Ibrahim Joseph G, Zhu Hongtu, Tang Niansheng
Joseph G. Ibrahim is Alumni Distinguished Professor (E-mail:
J Am Stat Assoc. 2008 Dec 1;103(484):1648-1658. doi: 10.1198/016214508000001057.
We consider novel methods for the computation of model selection criteria in missing-data problems based on the output of the EM algorithm. The methodology is very general and can be applied to numerous situations involving incomplete data within an EM framework, from covariates missing at random in arbitrary regression models to nonignorably missing longitudinal responses and/or covariates. Toward this goal, we develop a class of information criteria for missing-data problems, called IC(H) (,) (Q), which yields the Akaike information criterion and the Bayesian information criterion as special cases. The computation of IC(H) (,) (Q) requires an analytic approximation to a complicated function, called the H-function, along with output from the EM algorithm used in obtaining maximum likelihood estimates. The approximation to the H-function leads to a large class of information criteria, called IC(H̃) (() (k) (),) (Q). Theoretical properties of IC(H̃) (() (k) (),) (Q), including consistency, are investigated in detail. To eliminate the analytic approximation to the H-function, a computationally simpler approximation to IC(H) (,) (Q), called IC(Q), is proposed, the computation of which depends solely on the Q-function of the EM algorithm. Advantages and disadvantages of IC(H̃) (() (k) (),) (Q) and IC(Q) are discussed and examined in detail in the context of missing-data problems. Extensive simulations are given to demonstrate the methodology and examine the small-sample and large-sample performance of IC(H̃) (() (k) (),) (Q) and IC(Q) in missing-data problems. An AIDS data set also is presented to illustrate the proposed methodology.
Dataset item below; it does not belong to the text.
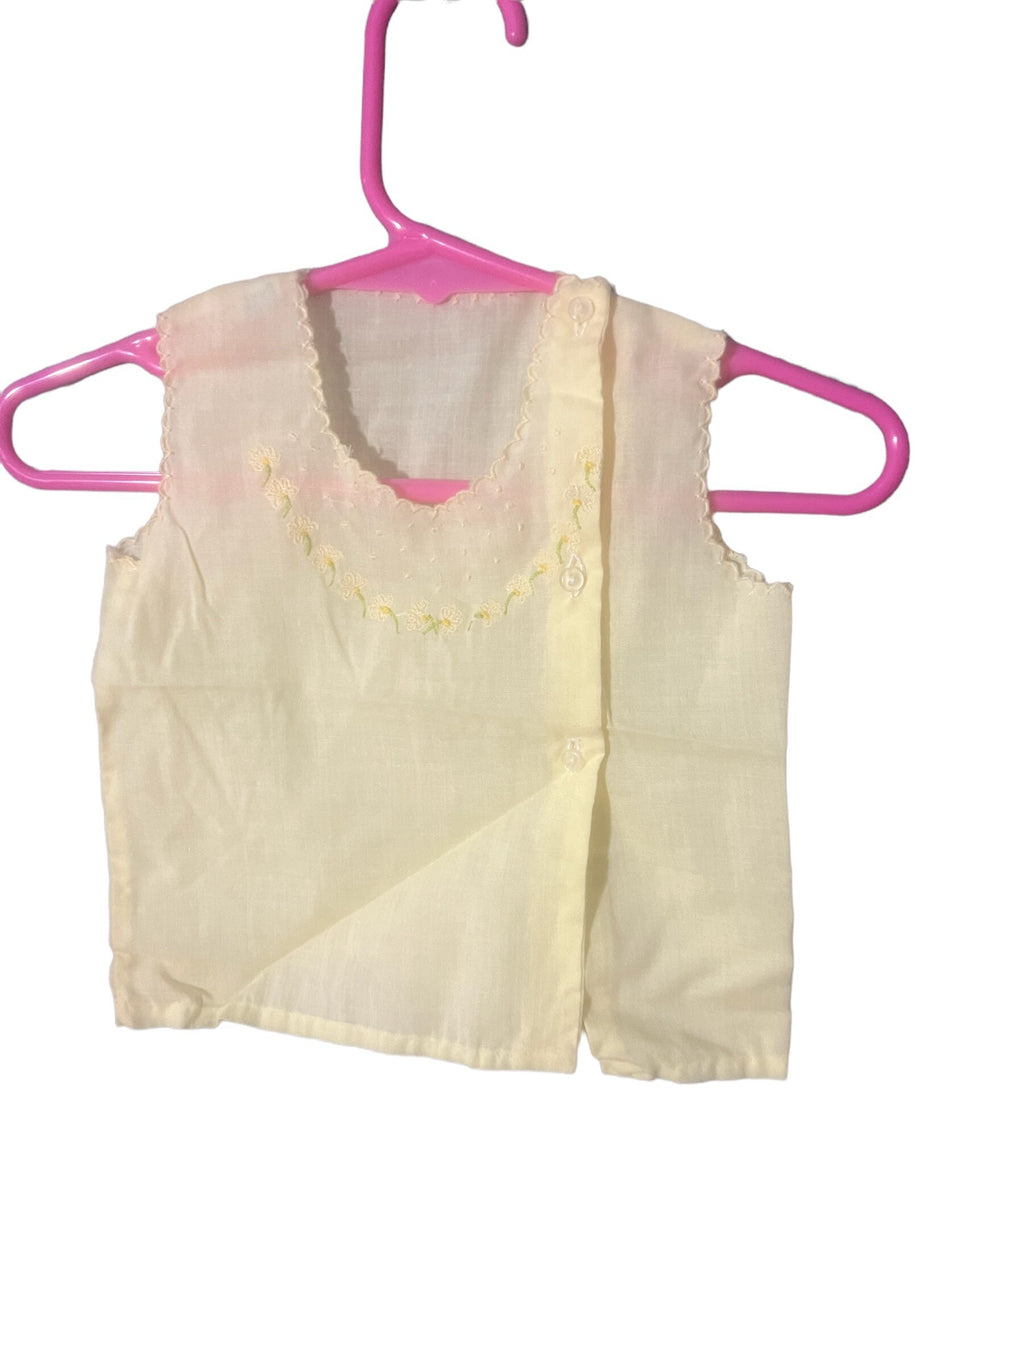 Vintage embroidered yellow baby diaper shirt

我们考虑基于期望最大化(EM)算法的输出,针对缺失数据问题计算模型选择标准的新方法。该方法非常通用,可应用于EM框架内涉及不完整数据的众多情况,从任意回归模型中随机缺失的协变量,到纵向响应和/或协变量存在不可忽视缺失的情况。为实现这一目标,我们针对缺失数据问题开发了一类信息准则,称为IC(H)(,)(Q),它在特殊情况下可得出赤池信息准则和贝叶斯信息准则。计算IC(H)(,)(Q)需要对一个称为H函数的复杂函数进行解析近似,同时还需要EM算法用于获得最大似然估计的输出。对H函数的近似导致了一大类信息准则,称为IC(H̃)(()(k)(),)(Q)。我们详细研究了IC(H̃)(()(k)(),)(Q)的理论性质,包括一致性。为消除对H函数的解析近似,我们提出了一种计算上更简单的对IC(H)(,)(Q)的近似,称为IC(Q),其计算仅依赖于EM算法的Q函数。我们在缺失数据问题的背景下详细讨论并检验了IC(H̃)(()(k)(),)(Q)和IC(Q)的优缺点。给出了大量模拟以展示该方法,并检验IC(H̃)(()(k)(),)(Q)和IC(Q)在缺失数据问题中的小样本和大样本性能。还给出了一个艾滋病数据集以说明所提出的方法。